In terms of duration, we remain slightly longer than the benchmark.
PERFORMANCE
In June, the CHF government bond curve bull-flattened, with yields rising at the short end and declining in the belly and at the long end. Over the same period, CHF A and BBB credit spreads slightly tightened, while AAA and AA credit spreads were stable. From a sector perspective, the tightening was broadly uniform, with spreads compressing by around 1-2 bps across sectors.

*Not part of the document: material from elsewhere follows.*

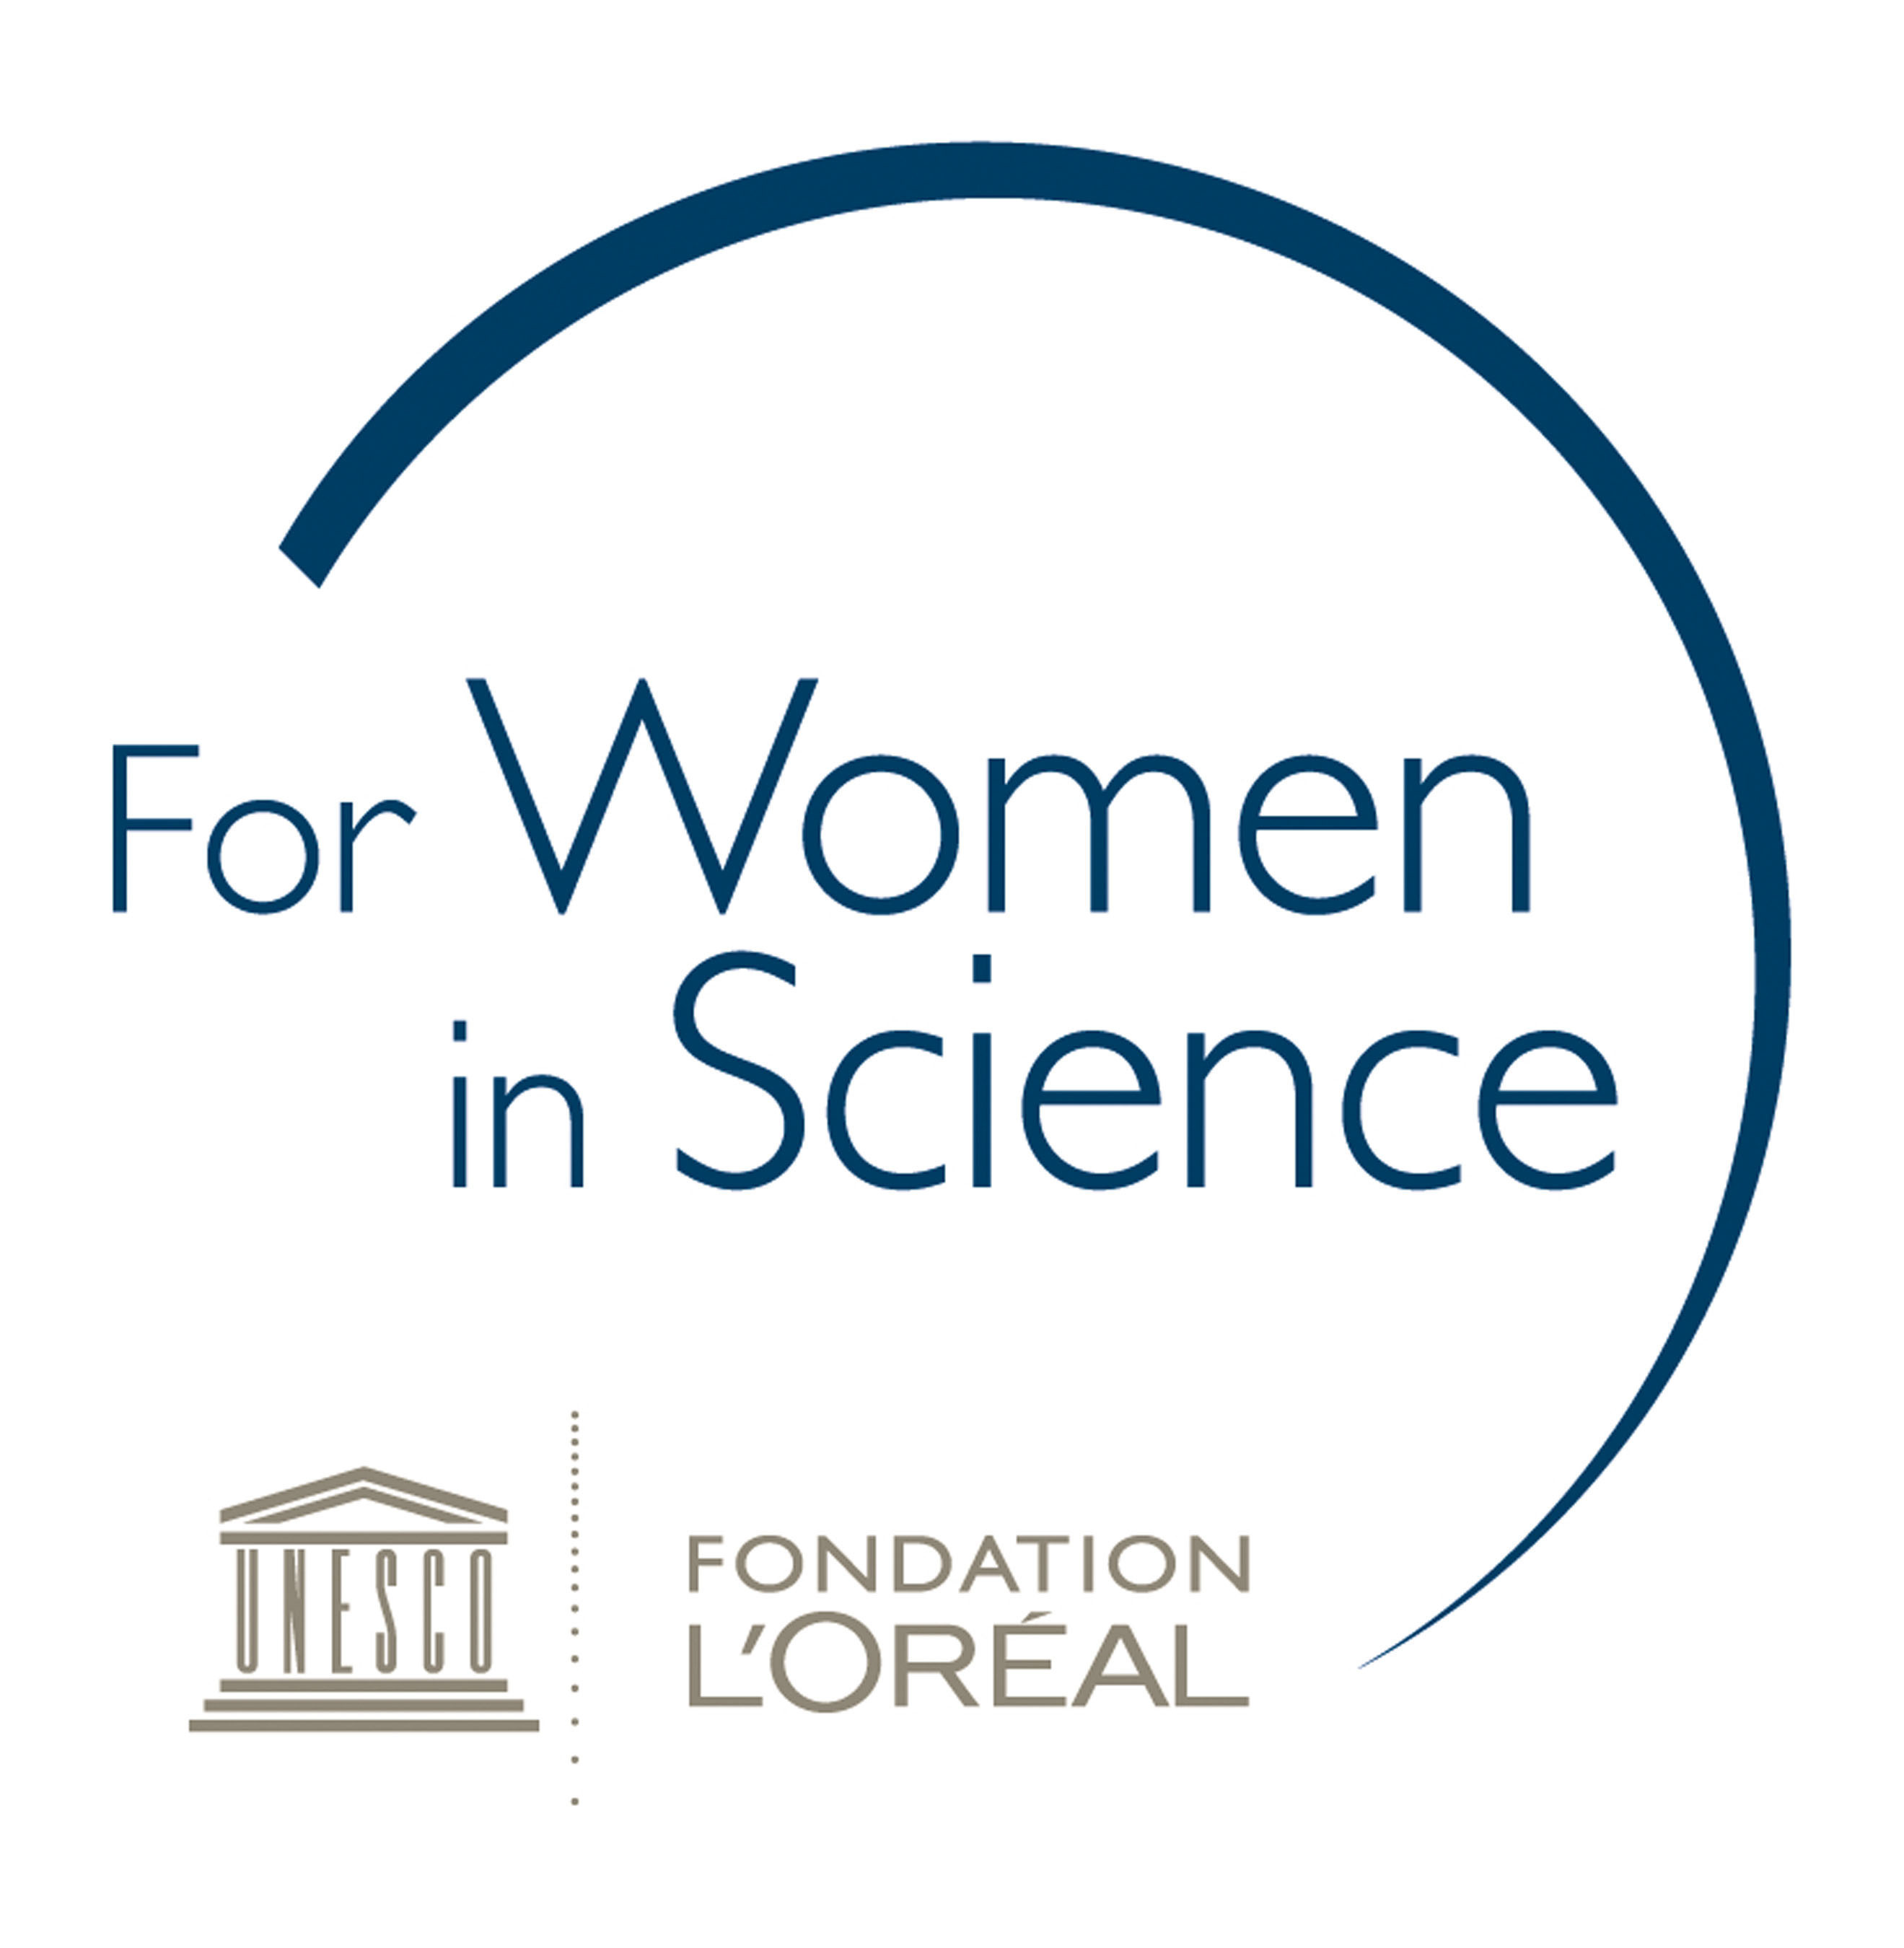 L'Oreal-UNESCO For Women in Science

As a consequence, total returns were positive for both the LOF (CH)-Swiss Franc High Grade Bond fund and its benchmark, the SBI® AAA-AA Index. In this environment, the Fund delivered positive relative performance. This was primarily attributable to favourable yield-curve positioning, which more than offset the small negative contributions from both sector allocation and security selection. At the sector level, the overweight position in Financials contributed positively to the fund's performance. At the sector level, the overweight position in Financials contributed positively to the fund's performance. Conversely, the Fund’s underweight exposure to Treasury detracted from relative performance. YTD, both absolute and relative returns of the LOF (CH) – Swiss Franc High Grade Bond are positive on a gross-of-fees basis.
OUTLOOK
All in all, in the face of more geopolitical developments fixed income delivered another steady month of strong performance. Further easing of energy concerns and softer inflation data would support a more constructive backdrop for government bonds moving forward, while strong corporate fundamentals and sustained investor demand continued to underpin credit markets. Although risks remain and vigilance is still warranted, the asset class has navigated recent volatility well, leaving credit attractive from a carry perspective and the outlook for duration more balanced than at the start of the month.
The SNB remains in a relatively comfortable position, and we do not expect further policy adjustments in the near term. However, recent communication points to a gradual shift in policy bias, suggesting moderately higher rates over the medium term. Such a development would reflect underlying economic strength and support confidence in Switzerland’s growth outlook. In terms of duration positioning, we prefer the 5–10 year segment, with a neutral stance beyond 10 years. In the High Grade (AAA–AA) segment we are overweight AA-rated public sector issuers (e.g. cantonal banks, hospitals), funded through an underweight in Swiss government bonds.